Según asevera Ohler a modo de resumen de toda su obra, «el nacionalsocialismo fue, literalmente, tóxico».

 

Pervitin, la droga nazi

 

Durante los años treinta del siglo XX algunas de las drogas que hoy están prohibidas, y muy perseguidas, todavía eran legales en muchos países y las consumía habitualmente parte de una ciudadanía que ignoraba los potencialmente perniciosos efectos secundarios. Por ejemplo, se sabe que durante los Juegos Olímpicos de 1936 de Berlín había triunfado la benzedrina, una anfetamina legal entonces en Estados Unidos que tomaron no pocos atletas y que los círculos sociales más chic de la capital alemana adoptaron como droga preferida. La nueva sustancia de moda desveló la atención -según Ohler- del director químico de los laboratorios Temmler, Fritz Hauschild, que después de varias pruebas alcanzó una nueva forma de sintetizar la anfetamina y le puso el nombre comercial de Pervitin. Había nacido la droga de la Alemania nazi.

 

El Pervitin era mucho más potente que la benzedrina, espabilaba a quien la tomaba, le llenaba de energía, le agudizaba los sentidos al máximo, elevaba la autoestima, optimizaba los procesos mentales y generaba una euforia intensa. Está claro que tenía potencialmente graves efectos secundarios, pero entonces no «era ninguna prioridad» investigar sobre ello, dice Ohler.

 

El resultado de la comercialización del Pervitin fue, cuenta el periodista, «que su consumo se propagó por todas partes». Tuvo tanto éxito popular que se llegó a vender en forma de bombones, para regalar a las personas más queridas. El autor bautiza aquellos años como «el nacionalsocialismo en pastillas» que «permitía a la dictadura funcionar» porque muchos ciudadanos «cayeron en un estado de dependencia [de la droga] cada vez mayor».

 

El éxito del Pervitin se redondeó, narra Ohler, cuando en 1938 Otto Ranke, profesor universitario y director del Instituto de Fisiología General y Militar, fijó su interés en esta droga que gozaba de tanto éxito social. Hizo varias pruebas y concluyó que podía ser interesante para el ejército. dice Ohler que «durante el ataque a Polonia [1 de septiembre de 1939] los informes que le dirigían [a Ranke] los oficiales que participaron en el ataque decían que el Pervitin era muy bueno en batalla, ayudaba a los soldados a perder el miedo y que fueran más eficaces. Antes del ataque a Francia [10 de mayo de 1940] la droga ya era oficialmente suministrada [a los soldados] por [parte de los mandos máximos de] la Wehrmacht, y cuando empezó el ataque [en Francia] 35 millones de pastillas fueron distribuidas a las tropas de los tanques para que pudieran estar sin dormir durante tres días y tres noches.
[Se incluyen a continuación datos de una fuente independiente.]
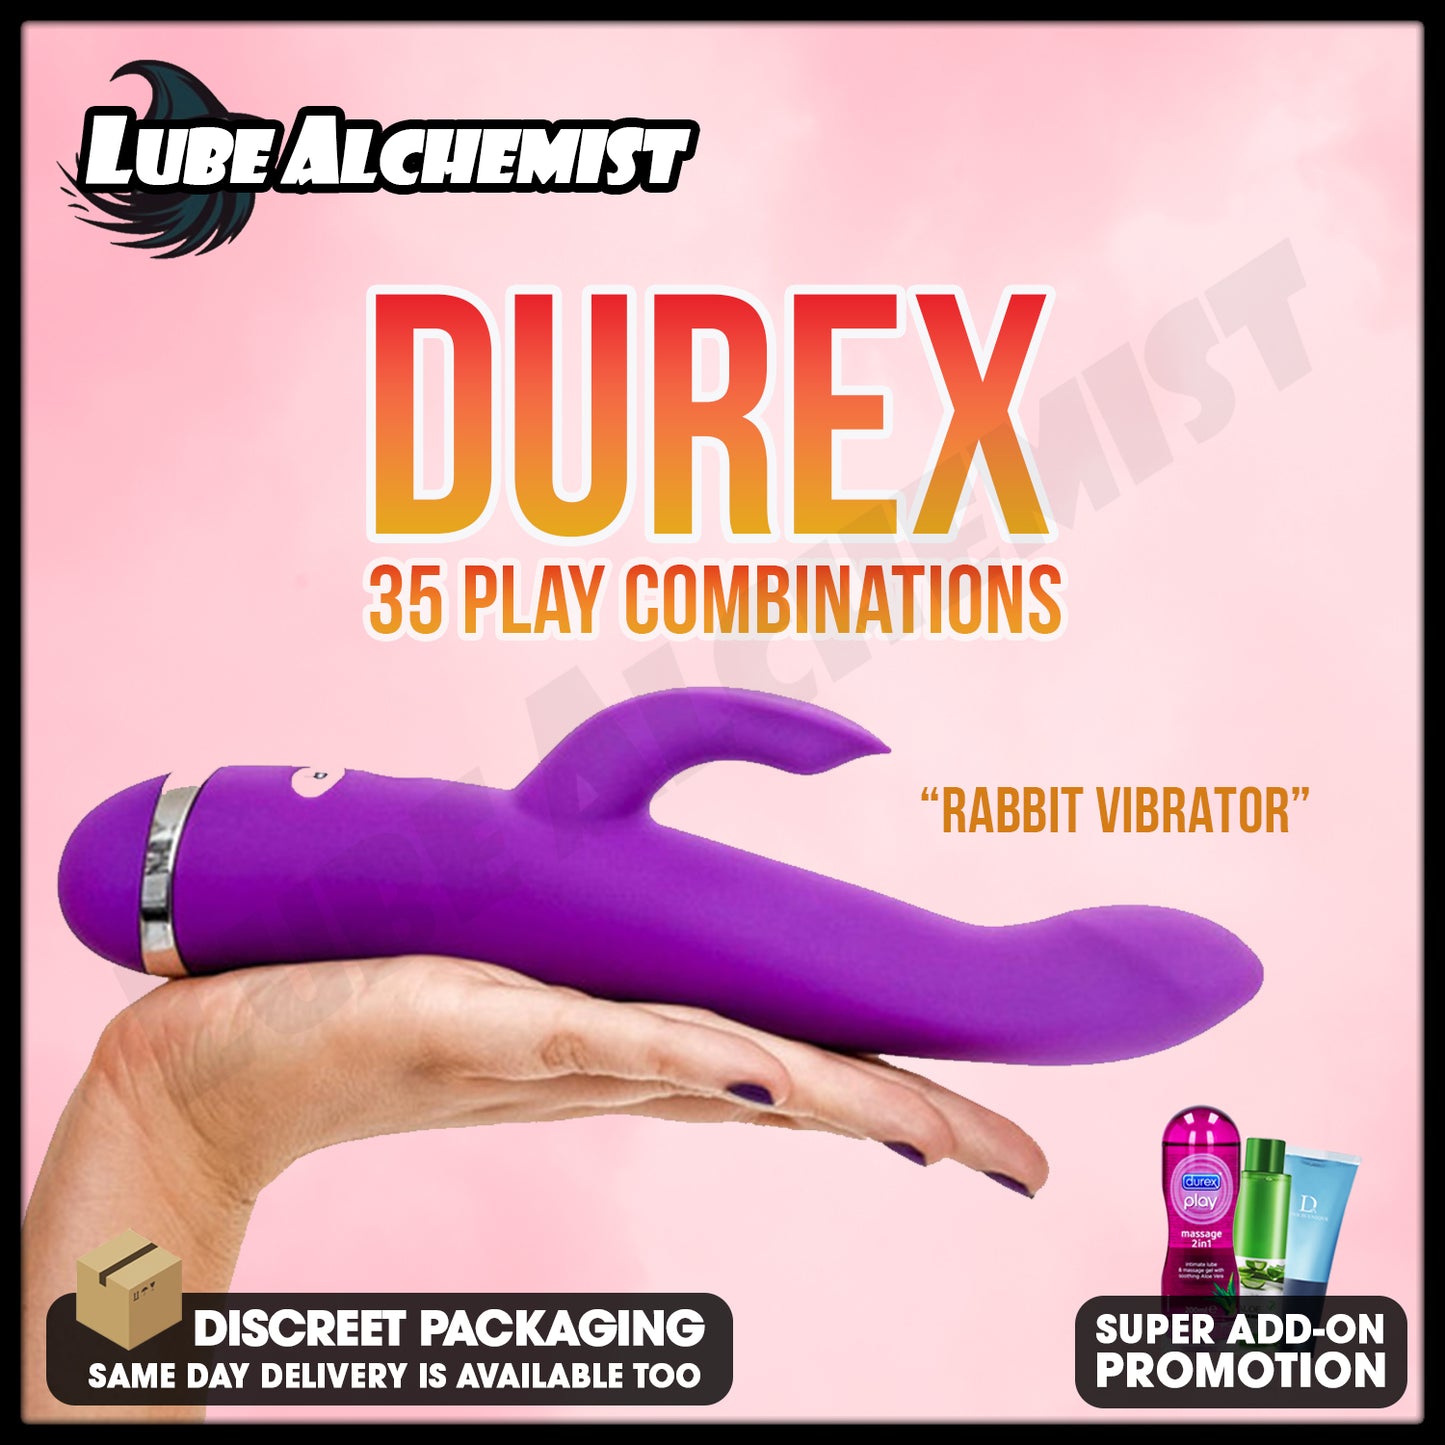 LubeAlchemist™ Durex New Rabbit Vibrator

Esto fue muy importante [para explicar] por qué arrasaron durante la primera semana. Los aliados no contaron con que [los soldados alemanes] no tuvieran que descansar, Churchill esperaba que descansaran en algún momento, pero se equivocó».

 

El uso militar de esta droga fue tan masivo que cuando Hitler ordenó la invasión de la Unión Soviética, Herman Göring -que también era un drogado, adicto a la morfina-, jefe de la Luftwaffe, declaró formalmente el Pervitin como «de vital importancia militar».

 

En resumen, el uso y abuso de las drogas en la Alemania nazi no fue una anécdota sino que tuvo -siempre según Ohler- relevancia política, porque ayudó a consolidar la dictadura sobre unos ciudadanos en parte drogados, y sobre todo militar, porque los soldados tomaban el Pervitin para rendir al máximo posible durante los combates. Y en la cima de la montaña de estupefacientes que era la Alemania nazi estaba el gran líder «superionqui» Adolf Hitler.